Tighten reconcile diffs against timestamp churn on live re-crawls

task-reconcile-timestamp-churn

task confidence asserted status review 2026-06-16 owner extraction-engineer
source board-curator (knowledge-architect) — from 0028-compounding-reconcile-merge open follow-ups (routed to extraction-engineer)

Tighten reconcile diffs against timestamp churn

The compounding merge — the per-tenant learning loop accumulates by id + confidence instead of overwriting (okf reconcile() + opt-in reconcile in extraction/runtime) made the loop compound by id + confidence instead of overwriting — and recorded an honest open follow-up, routed to Knowledge-Extraction & GraphRAG Engineer: timestamp derives from provenance.retrievedAt (in validate.ts). The reconcile fixtures use a fixed retrievedAt, so re-runs read unchanged; but a connector that stamps a fresh fetch time per crawl (like the HttpConnector) would bump every atom's timestamp on re-crawl → a noisy wall of updated diffs even when nothing actually changed.

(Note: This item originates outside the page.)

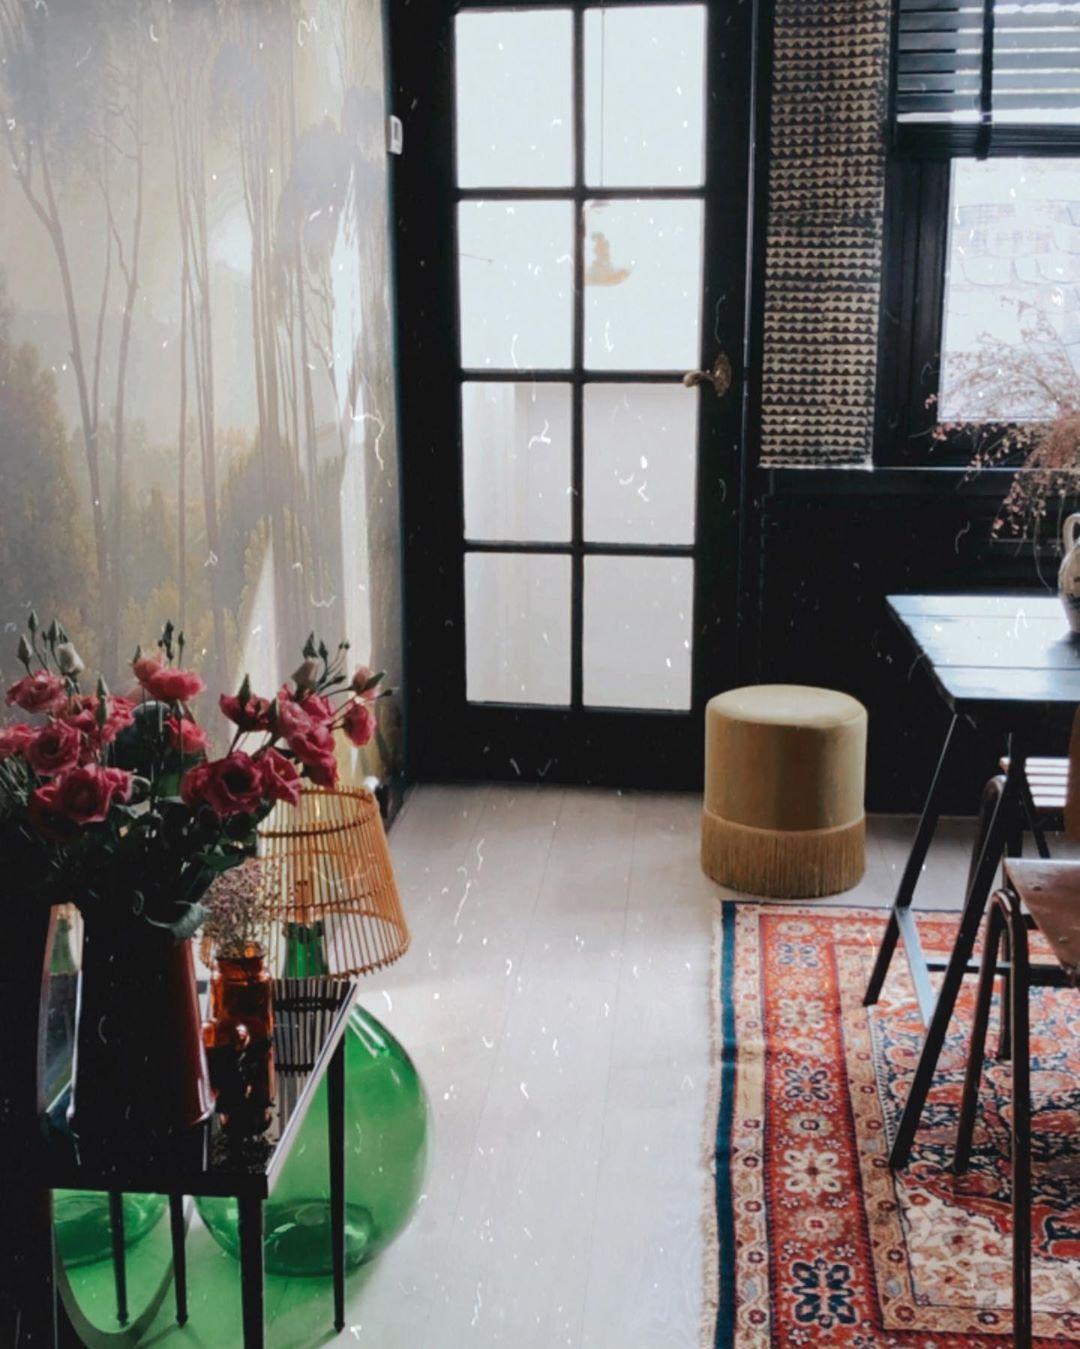 #sfeervolwonen #myhome #interiors #interiorstyling #homedecor #interiordecor #homeinspo #stoerwonen #interiordesign...
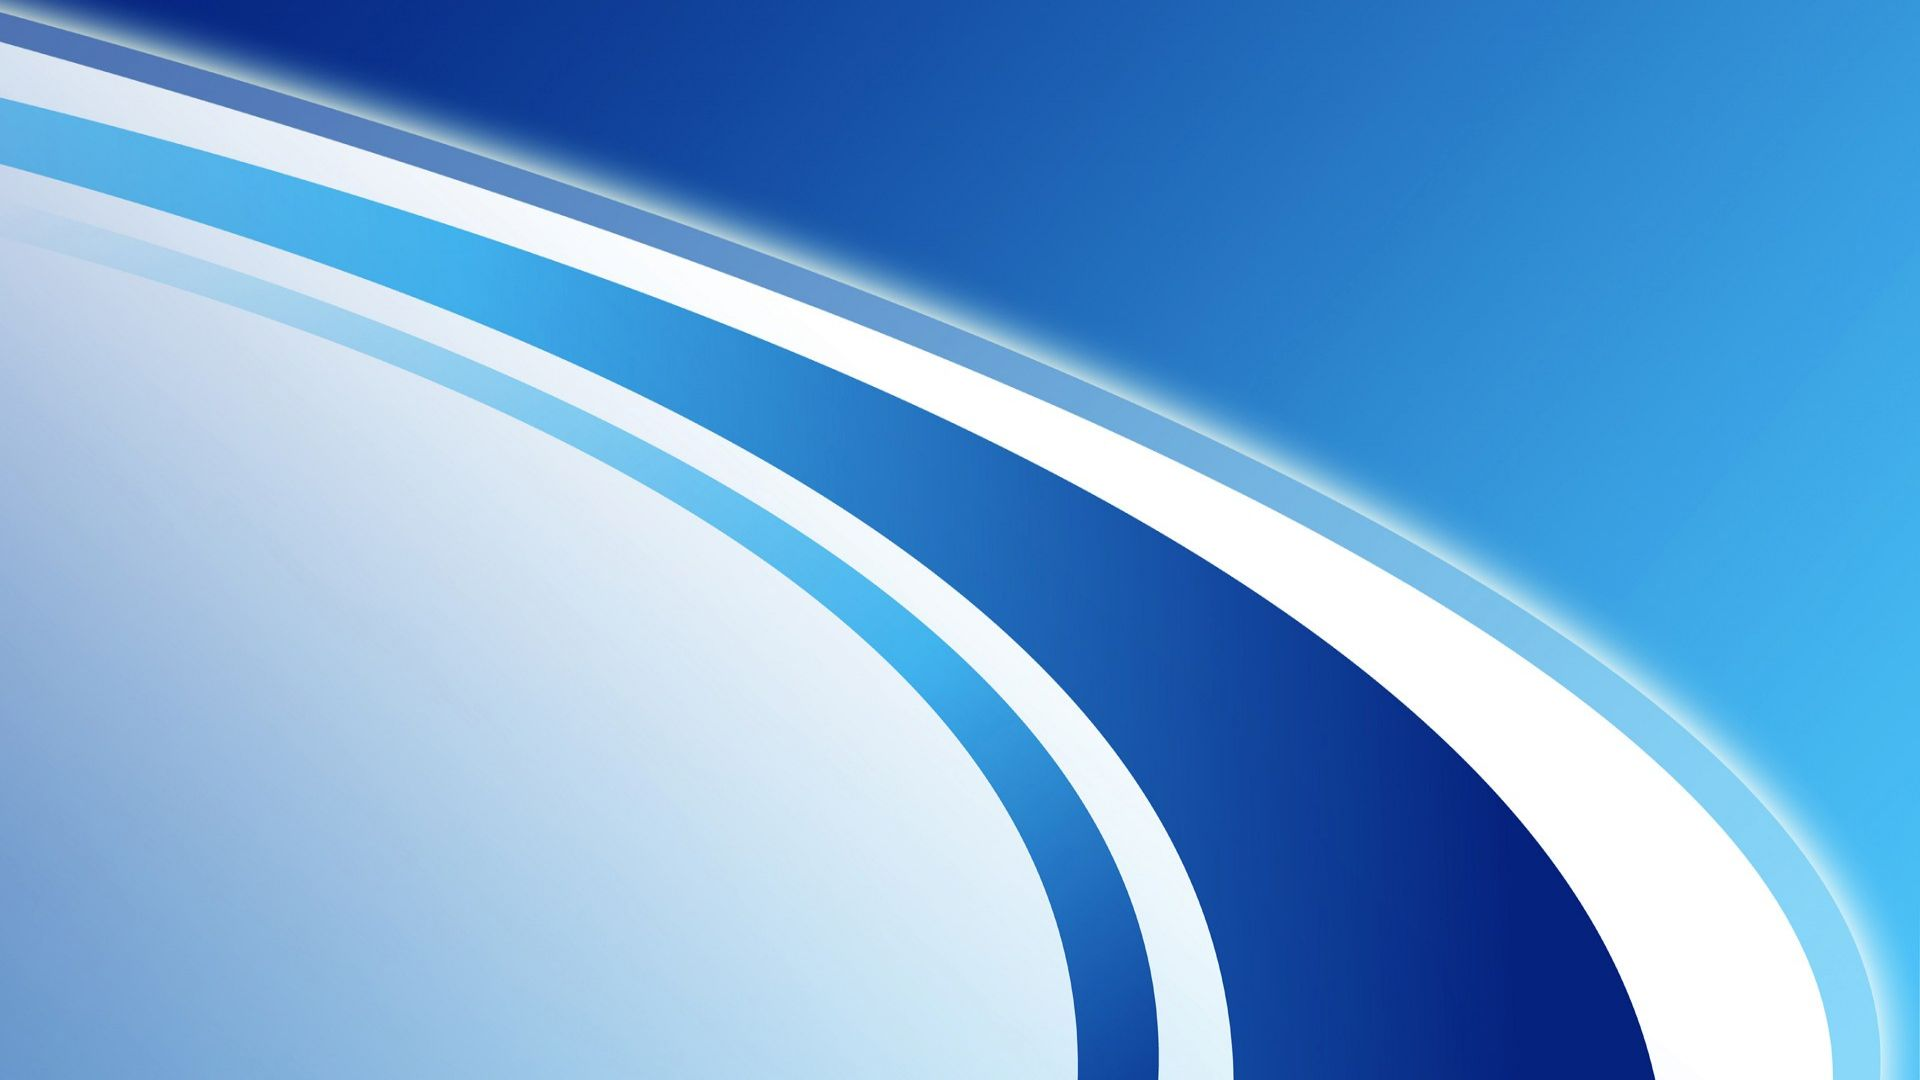 HD Blue Abstract Wallpaper - WallpaperSafari

This is not a curation gap (the curation guard from DEC-0028 holds) — it is a tight-diff refinement: the compounding loop should produce a git diff that reflects what actually changed, not the clock.

In review (handoff gate)

This atom sits at review — the work is proposed and awaiting the approval gate. The merge policy half (confidence precedence, whether orphaned is a first-class lifecycle signal) is the Principal Knowledge-Format Architect's call and is tracked separately; this task is the mechanism half. Approve → done.

Options

  • Compare candidates modulo volatile provenance (exclude retrievedAt-derived timestamp from the change check), or
  • Carry the prior timestamp forward when content is byte-identical after canonical serialize. Either keeps real changes detectable while killing the clock-only churn.